### Dataset extract:
┄┄┄┄┄┄
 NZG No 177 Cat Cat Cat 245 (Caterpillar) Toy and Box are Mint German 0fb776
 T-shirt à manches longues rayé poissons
┄┄┄┄┄┄
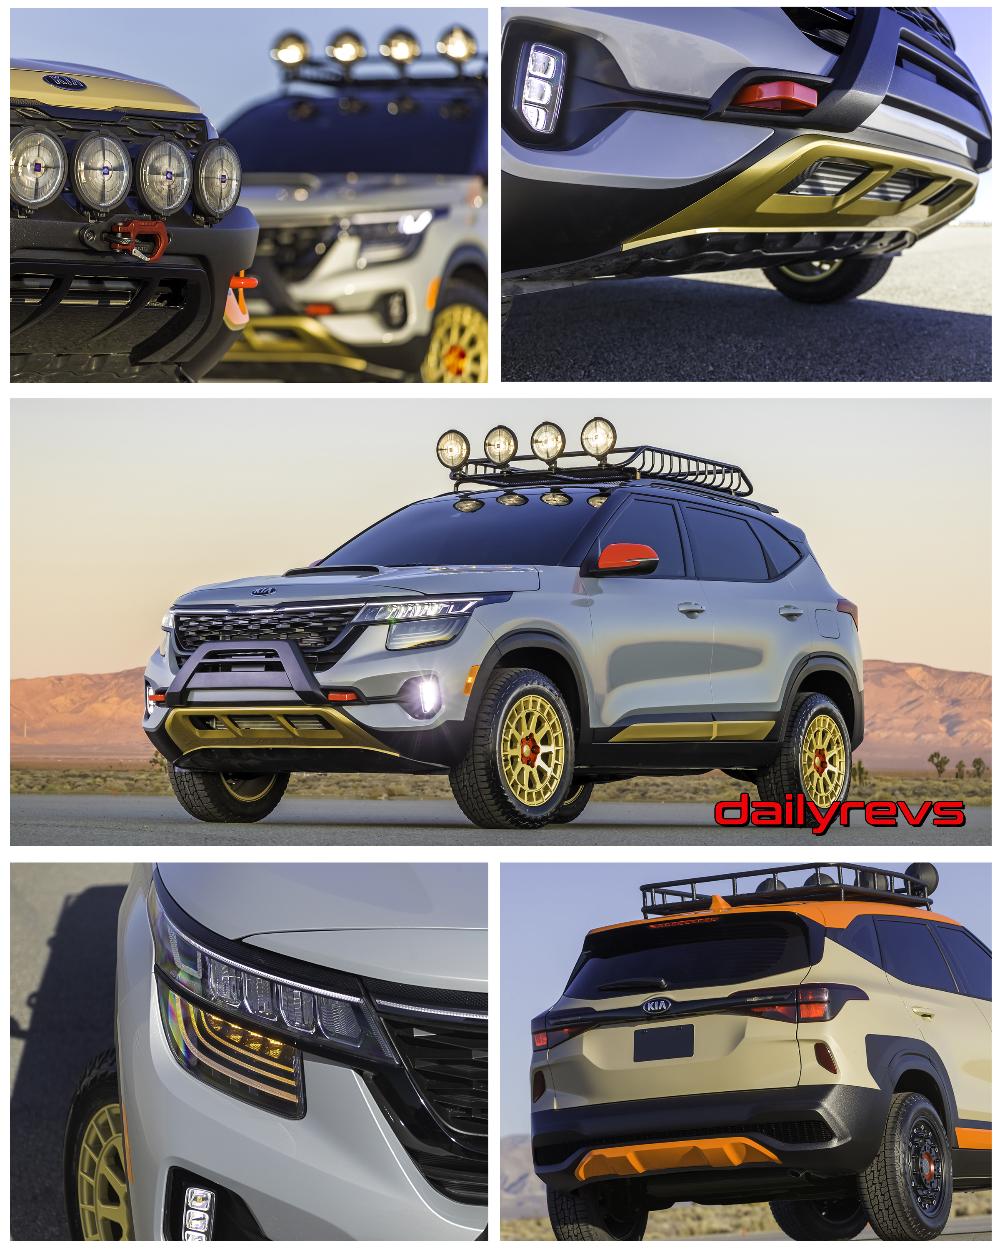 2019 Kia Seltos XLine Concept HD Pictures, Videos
┄┄┄┄┄┄
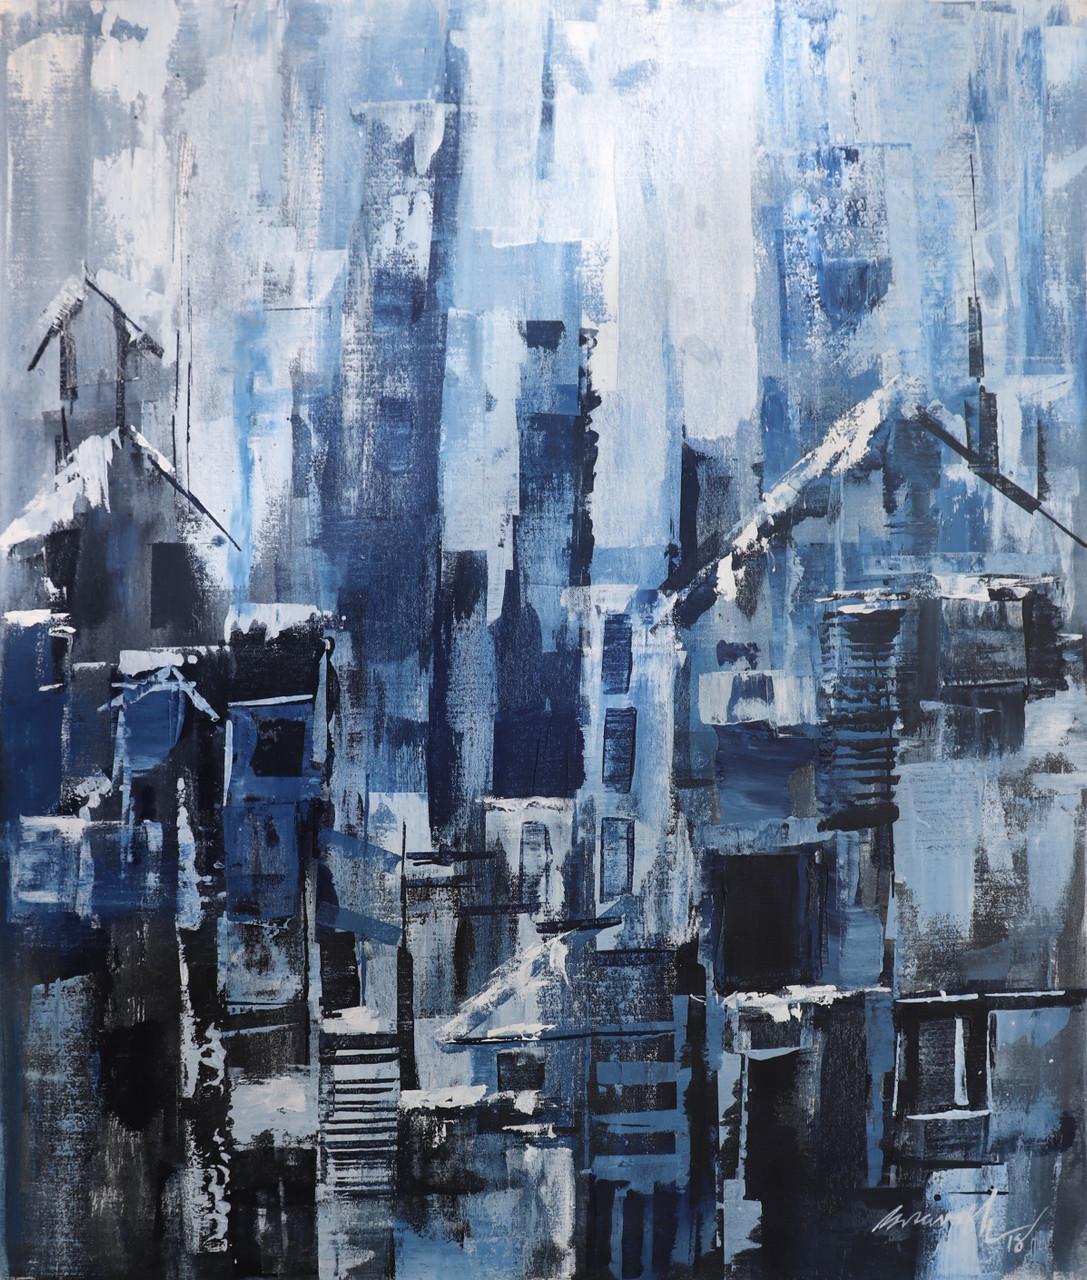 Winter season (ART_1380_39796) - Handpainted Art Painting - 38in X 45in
┄┄┄┄┄┄
### What this task involves:
Look above for the line with "NZG No 177 Cat" and the line with "T-shirt à manches longues rayé poissons". Write out those two lines and all the lines between them, exactly, and no others.

### Exercise result:
 NZG No 177 Cat Cat Cat 245 (Caterpillar) Toy and Box are Mint German 0fb776
 T-shirt à manches longues rayé poissons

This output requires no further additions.